= Achi, Enugu State =

Town in Enugu, Nigeria

Achi is a town in Oji River Local Government Area in Enugu State, in southeastern Nigeria.

==Geography==
Achi is the largest town in Oji River, a Local Government Area of Enugu State. Achi town is made up of 12 villages - "isii na ulo, isii na agu" as the natives say. That phrase literally means that there are 6 villages in the northern section of the town and 6 villages in the southern section (if you imaginarily divide the town into two sections).
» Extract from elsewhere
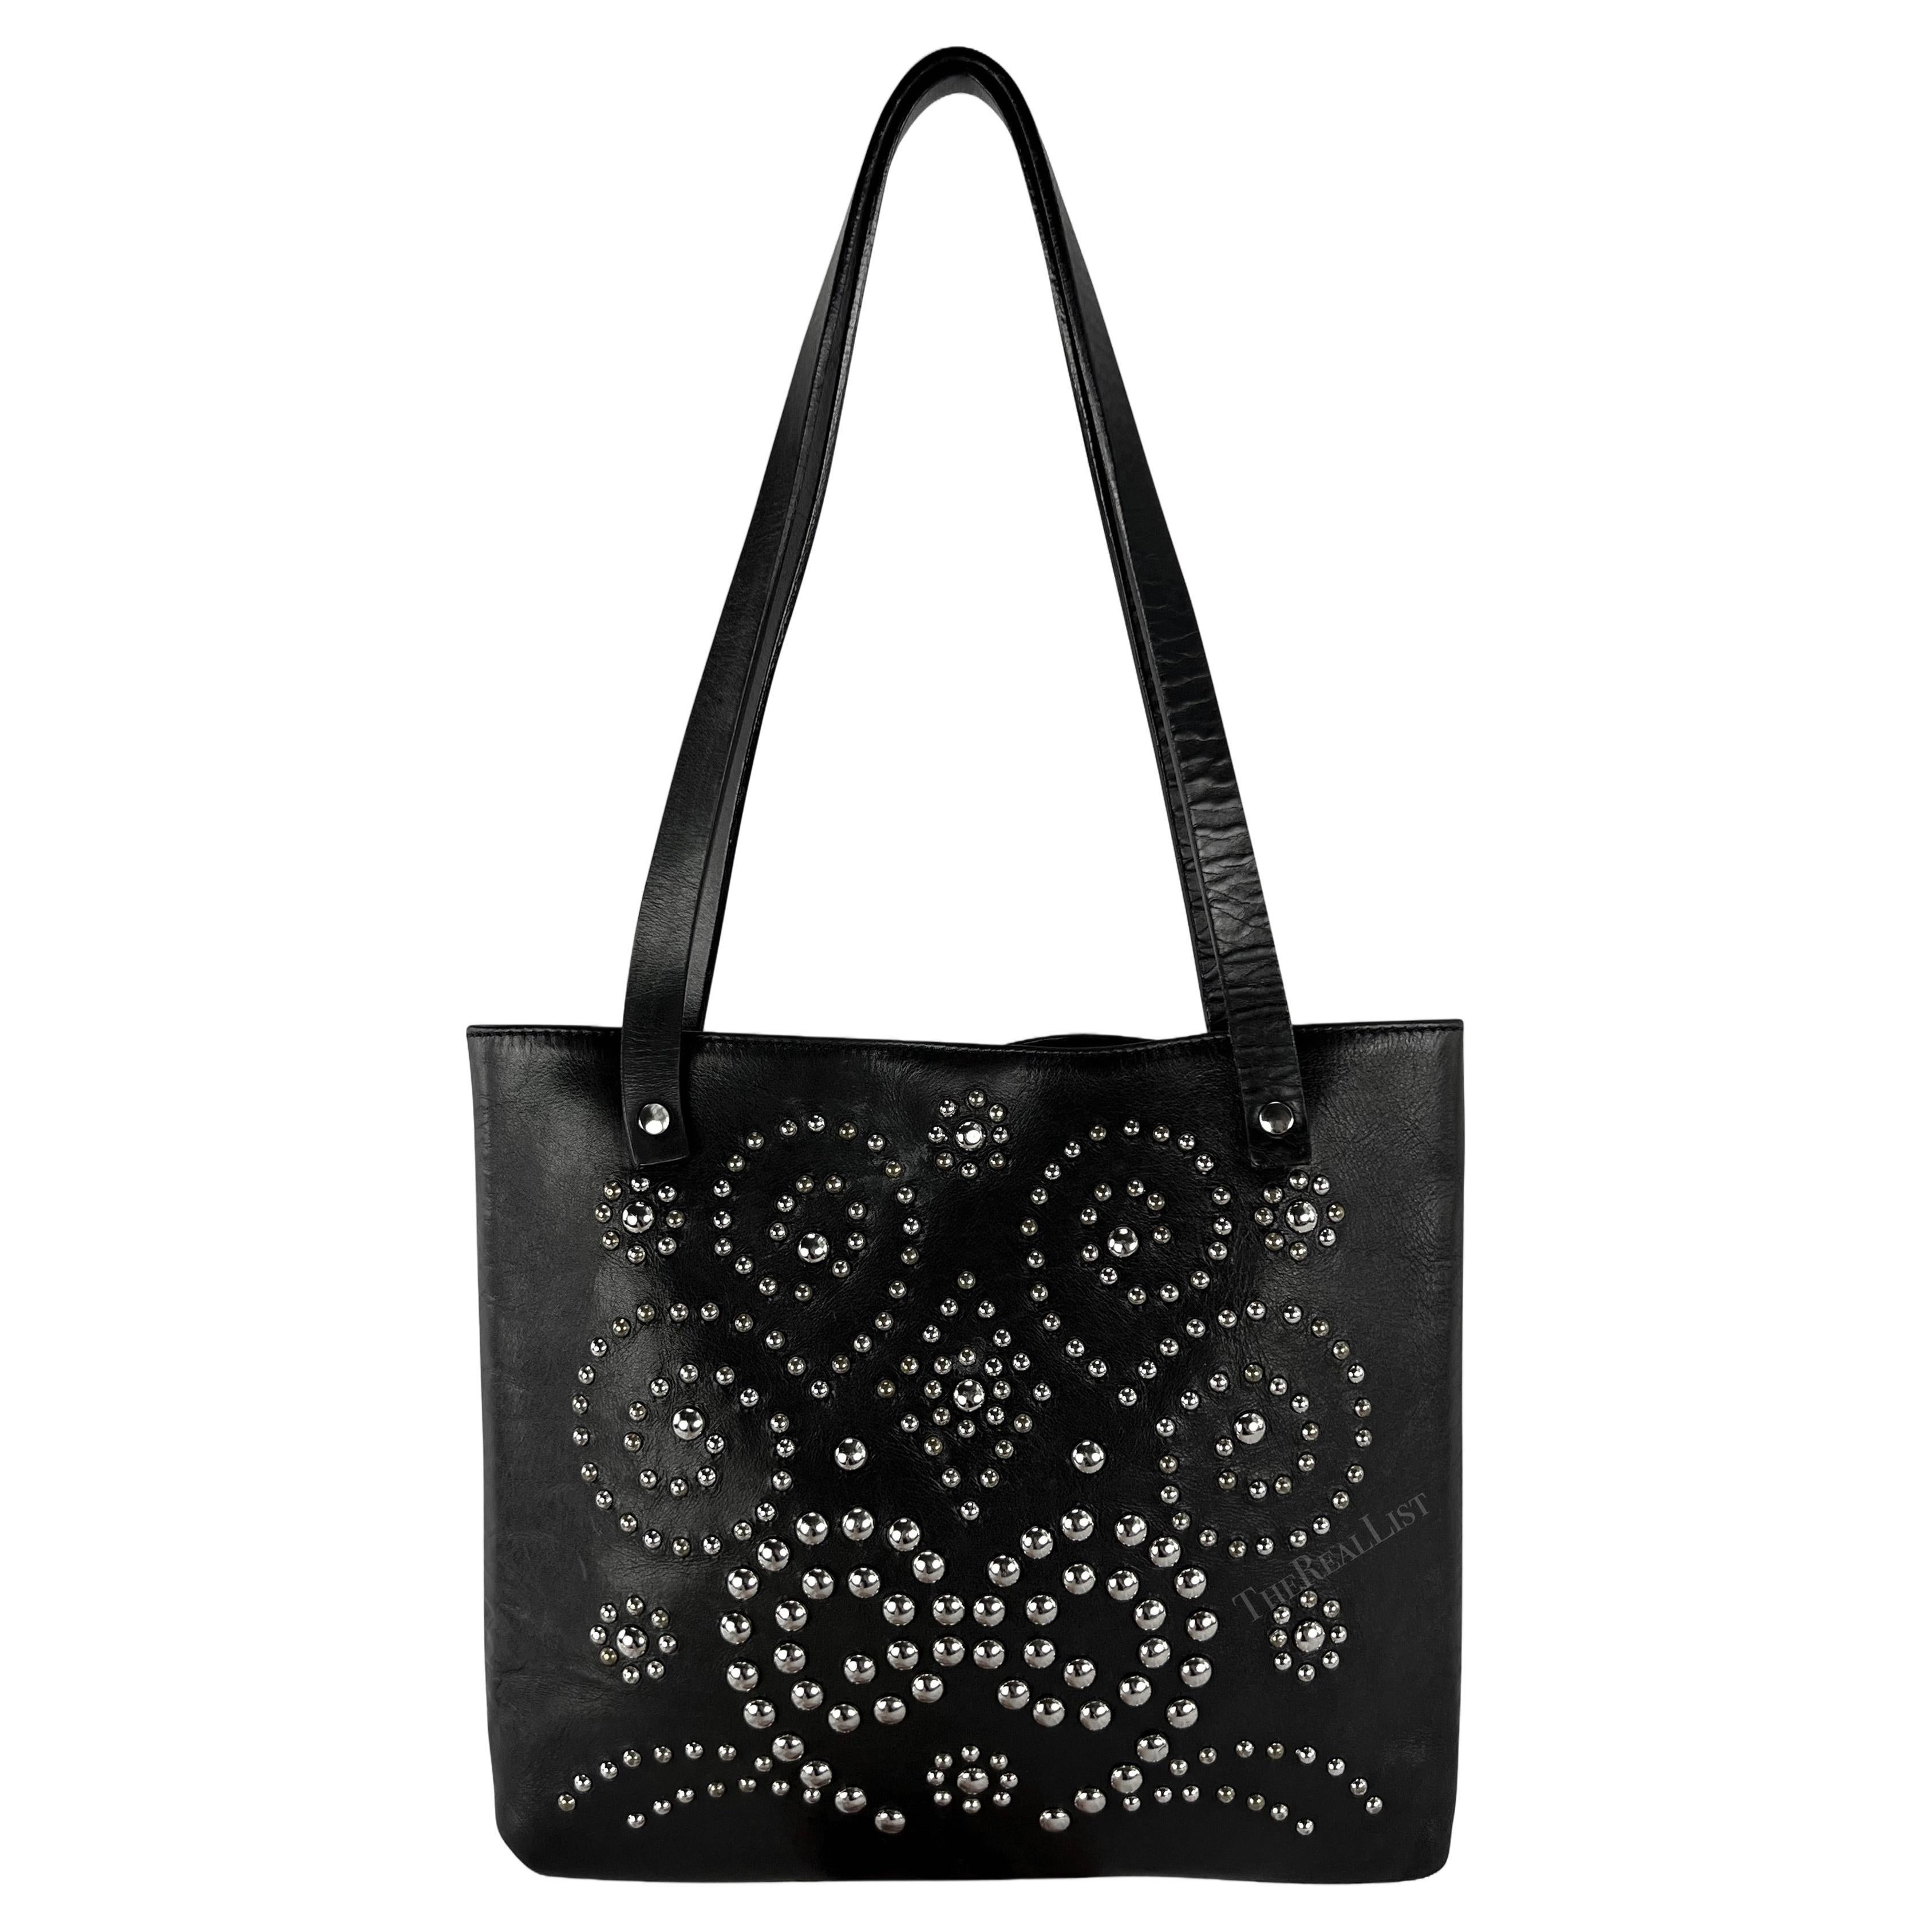 Late 1990s Dolce & Gabbana Black Leather Studded Small Shoulder Tote Bag For Sale 5

Achi town is surrounded by some other towns: Isuochi (in Abia State), Inyi (also part of Oji River LGA of Enugu State, Ugbo, and Mmaku (Awgu LGA of Enugu State) and some parts of Udi LGA of area of Enugu State.

The most popular village at Achi is Isikwe. Isikwe comprises Umuakpu, Obinagu, Abor and other minor villages. Umuakpu is termed 'Small London' because of its numerous modern buildings owned by its men and women mainly residing at Europe and United States of America. Isikwe has its own water pipe line, electrification and telephone system. Isikwe is noted for its production of doctors, nurses, pharmacists, economists, modern businessmen and other professionals. And also popular is Agbadala Achi with prominent sons and daughters

Large part of Achi is made up of sandy and loamy soil. Towns and communities are known for the cultivation of different crops including cashew trees, pineapples and mellon. These grow fairly well in Achi.

Villages of Achi:
1. Elugwu la Nkpokoro
2. Amankpunatọ
3. Isikwe
4. Agbadala
5. Egwu
6. Ehuhe
7. Adụ
8. Umumba(ogu)
9. Ihe
10. Amaetiti
11. Elugwu Akwu
12. Ahani

Achi is not only a name of a tree, people answer the name Achi, like Achi Herbert Chijindu is a lecturer, registered Quantity Surveyor and CEO/MD Chiherb International Limited.

==Buildings==
There are several primary schools in Achi with all 12 villages having at least one primary school. The oldest Secondary educational institutions in Achi include Corpus Christi College (founded in 1960) and Girls Secondary School (founded in 1962). Also found in Achi is Savory Memorial Seminary, an Anglican Seminary owned by Diocese of Oji-River, Anglican Communion.

Another popular institution is the Achi Joint Hospital, which is a fairly old hospital. For several years it was and perhaps is still the best hospital in what used to be known as Awgu division in the then East Central State.

There is a fairly old institution known as Achi Farm School (founded around 1960). The institution has for several years been training agricultural extension officers who are currently scattered all over eastern Nigeria.